Records shown
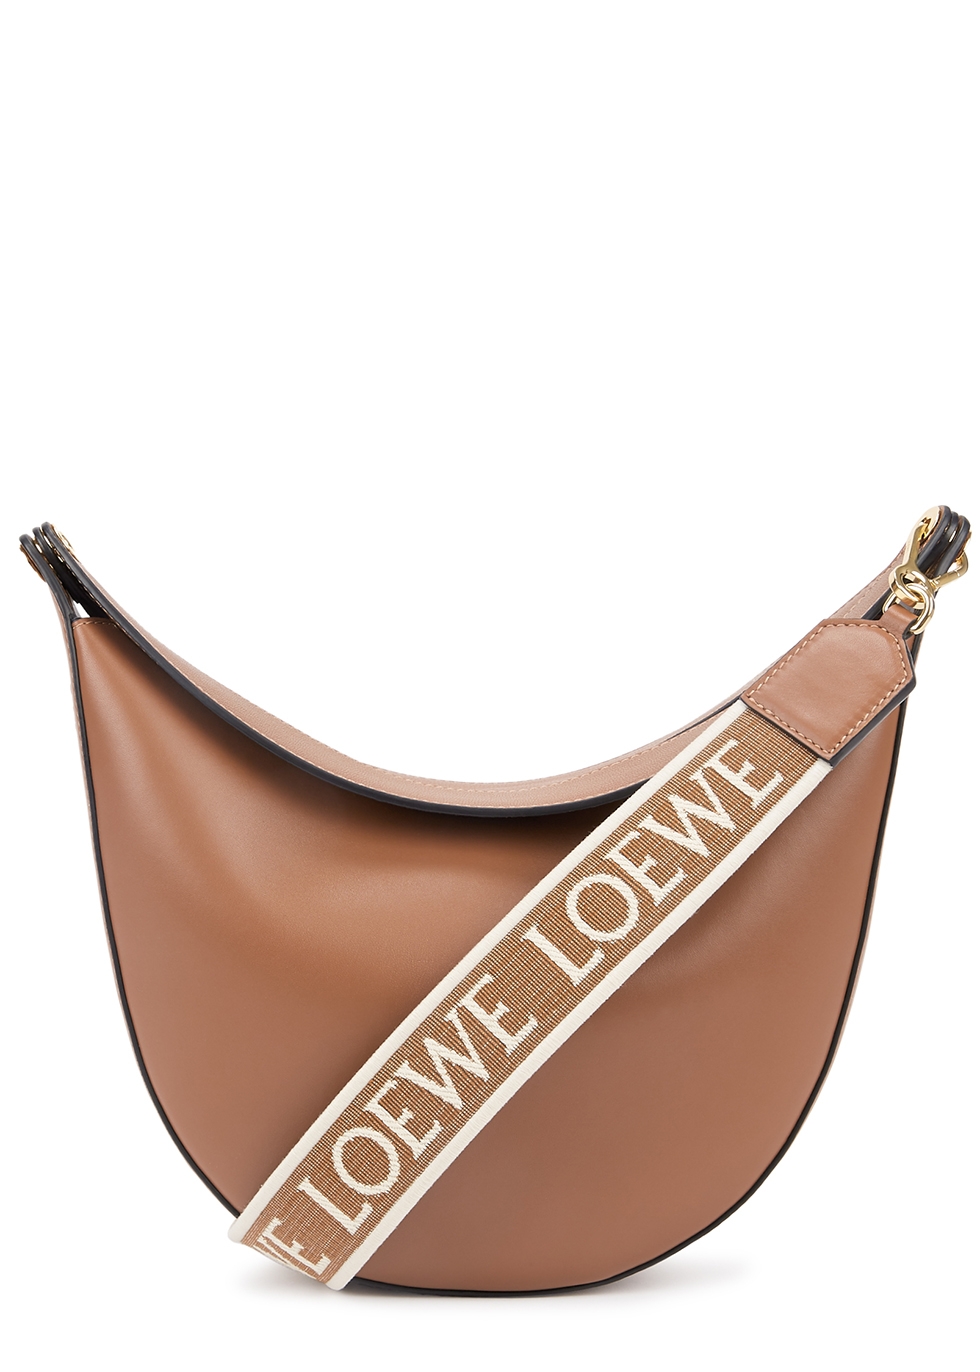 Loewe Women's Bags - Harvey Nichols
---
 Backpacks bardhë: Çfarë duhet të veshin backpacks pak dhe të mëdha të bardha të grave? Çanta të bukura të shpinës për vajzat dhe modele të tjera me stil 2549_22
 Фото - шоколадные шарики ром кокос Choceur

Exercise
Go back to the listing above. Copy word for word the lines from the one with "Backpacks bardhë: Çfarë" through the one with "Фото - шоколадные шарики ром кокос Choceur", and nothing more.

Answer section
 Backpacks bardhë: Çfarë duhet të veshin backpacks pak dhe të mëdha të bardha të grave? Çanta të bukura të shpinës për vajzat dhe modele të tjera me stil 2549_22
 Фото - шоколадные шарики ром кокос Choceur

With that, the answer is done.